### [SUPPLIED INFORMATION]
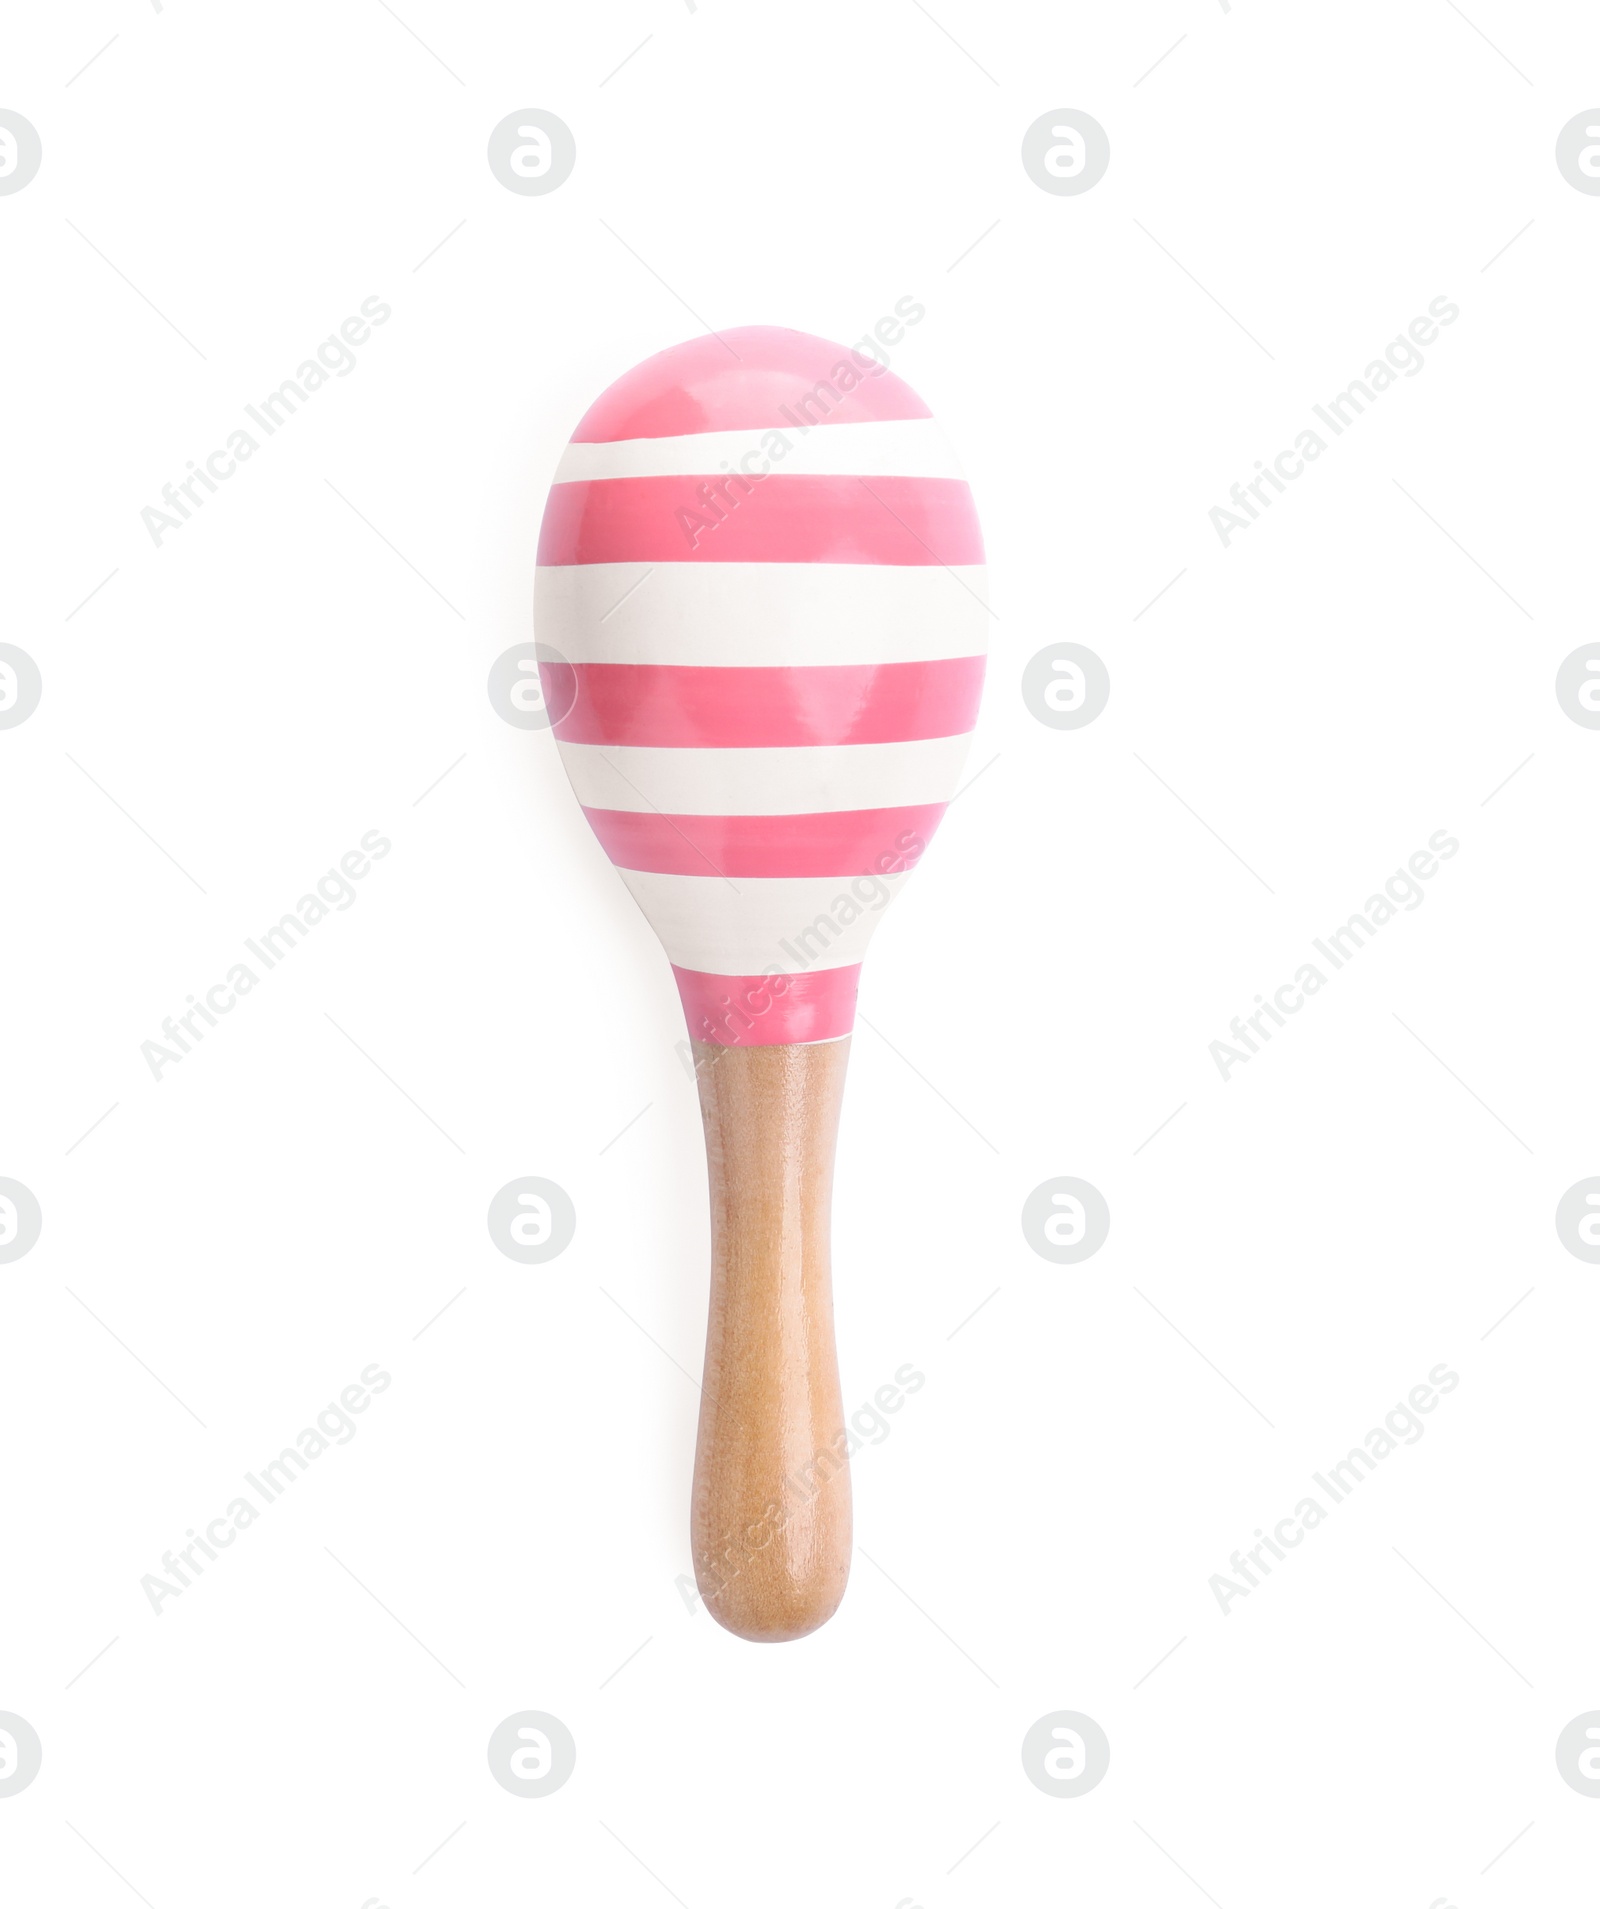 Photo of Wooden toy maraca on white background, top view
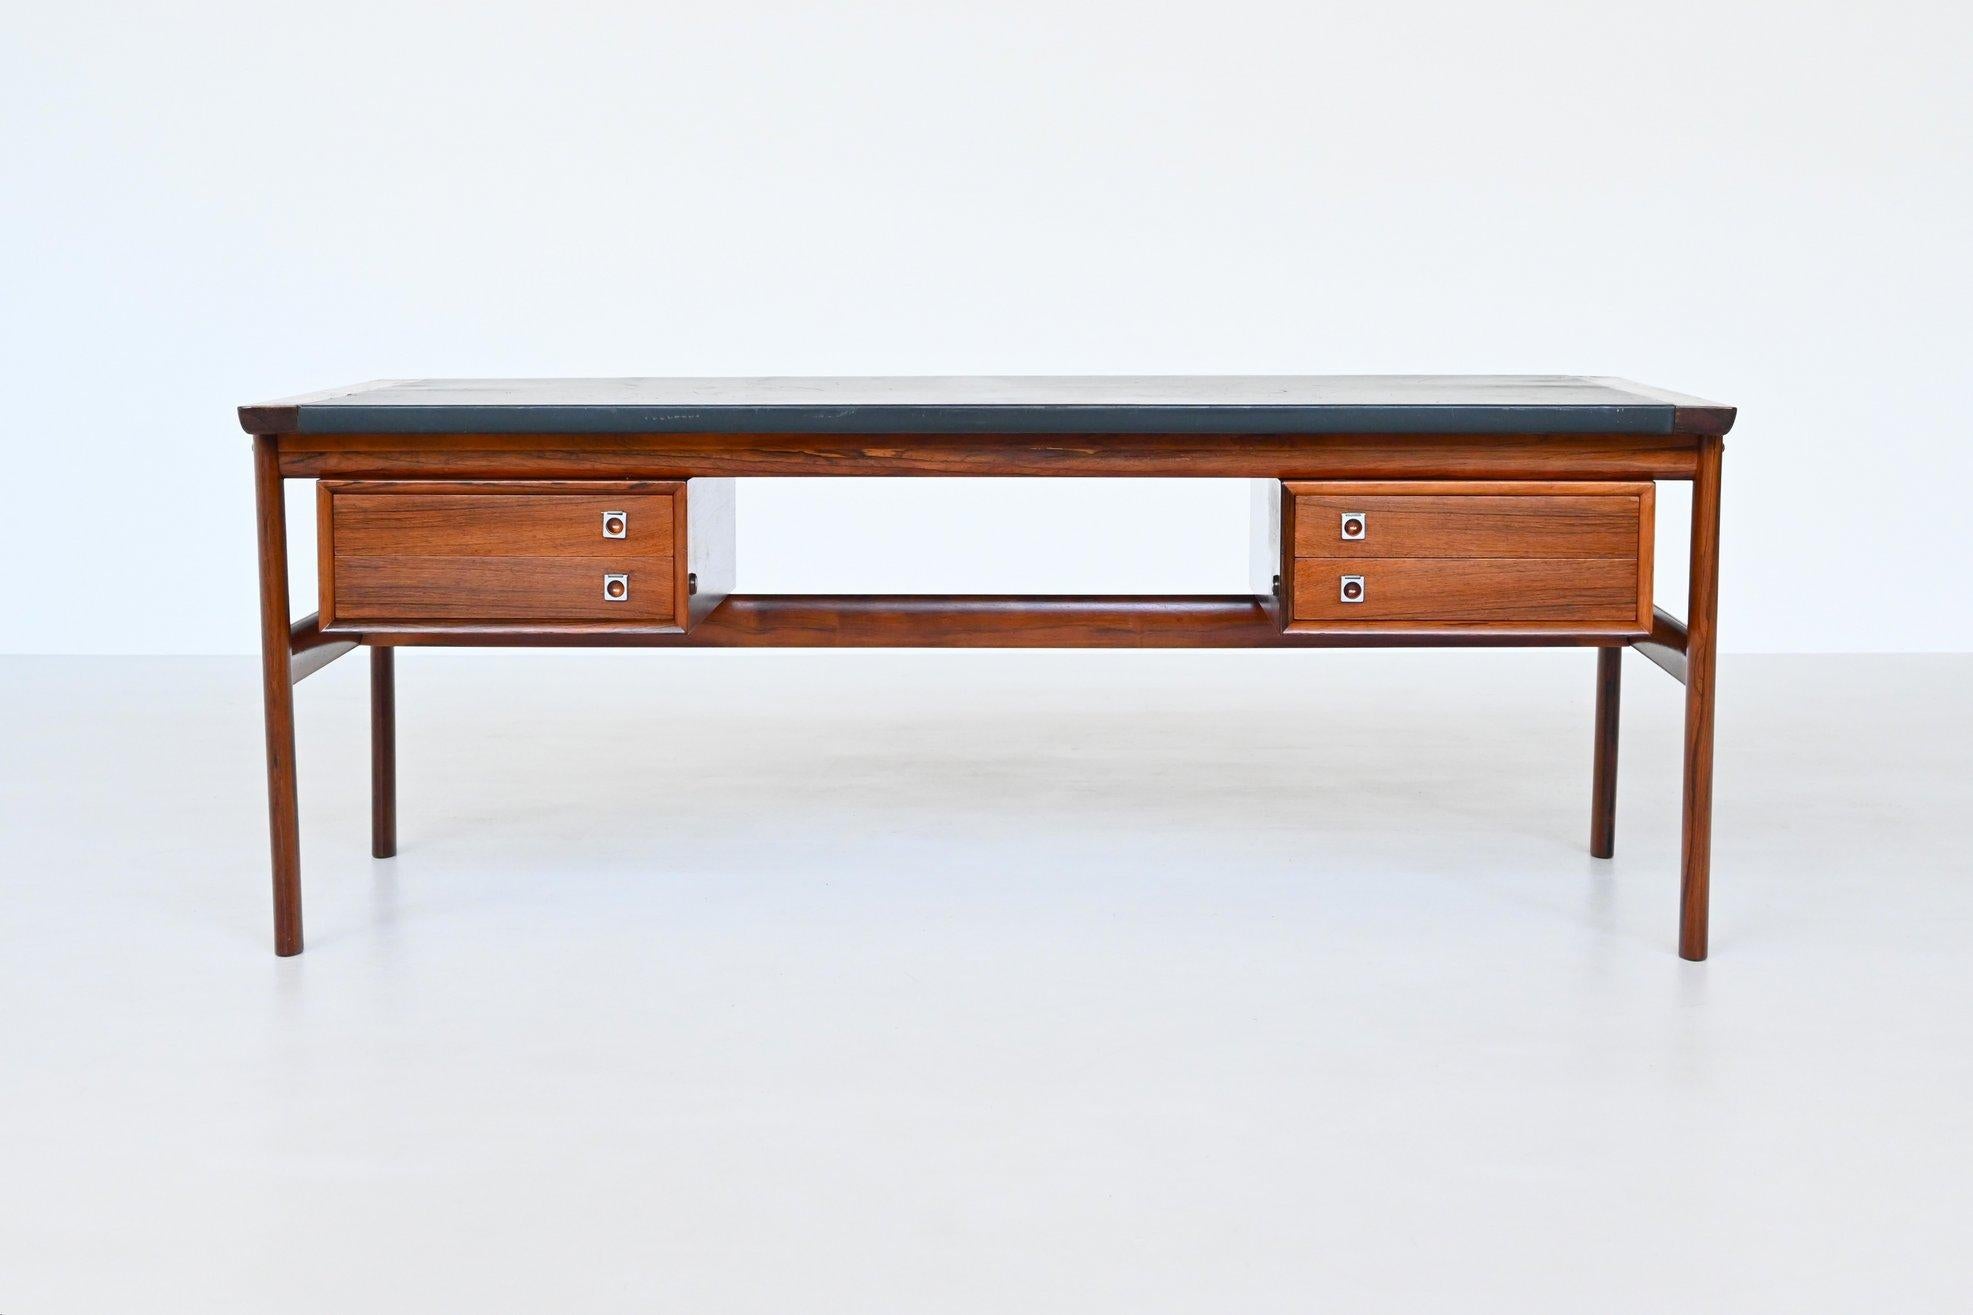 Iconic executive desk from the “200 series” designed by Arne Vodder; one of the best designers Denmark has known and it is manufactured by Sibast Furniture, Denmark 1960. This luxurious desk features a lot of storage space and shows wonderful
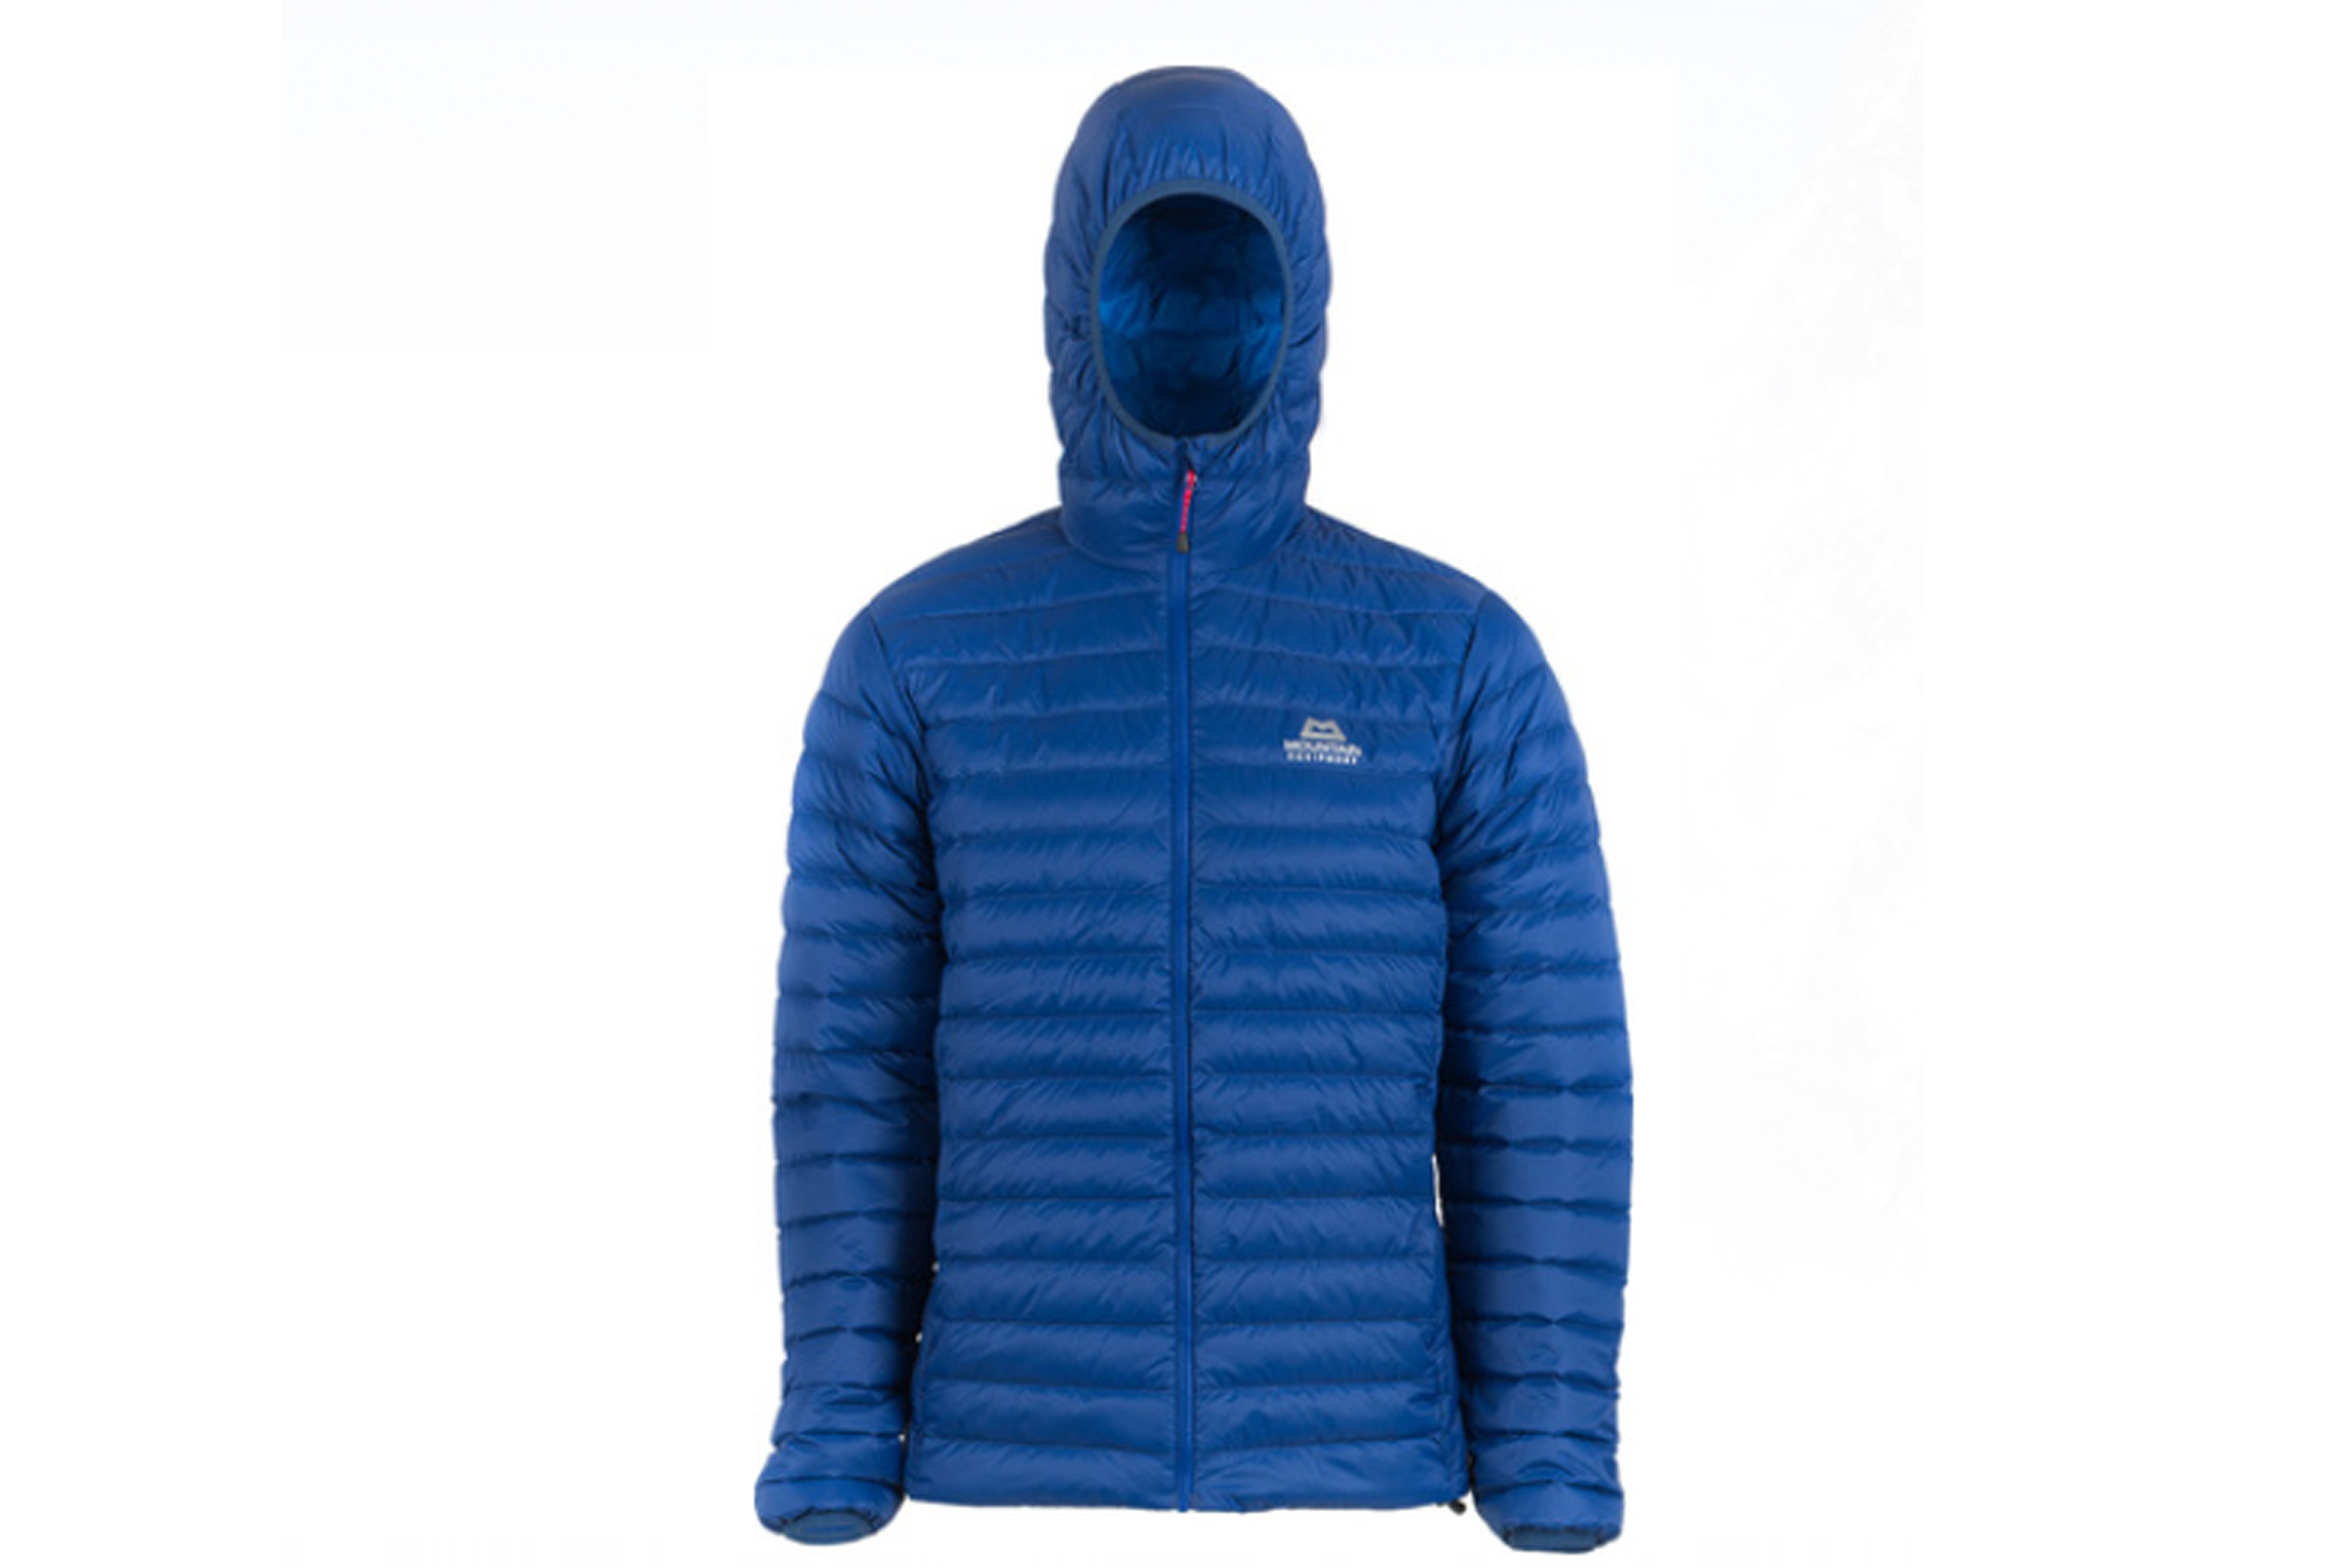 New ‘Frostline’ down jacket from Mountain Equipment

### [WORK ORDER]
The copy should match each line above exactly and contain no images.

### [THE COMPLETED TASK]
 Photo of Wooden toy maraca on white background, top view
 Iconic executive desk from the “200 series” designed by Arne Vodder; one of the best designers Denmark has known and it is manufactured by Sibast Furniture, Denmark 1960. This luxurious desk features a lot of storage space and shows wonderful
 New ‘Frostline’ down jacket from Mountain Equipment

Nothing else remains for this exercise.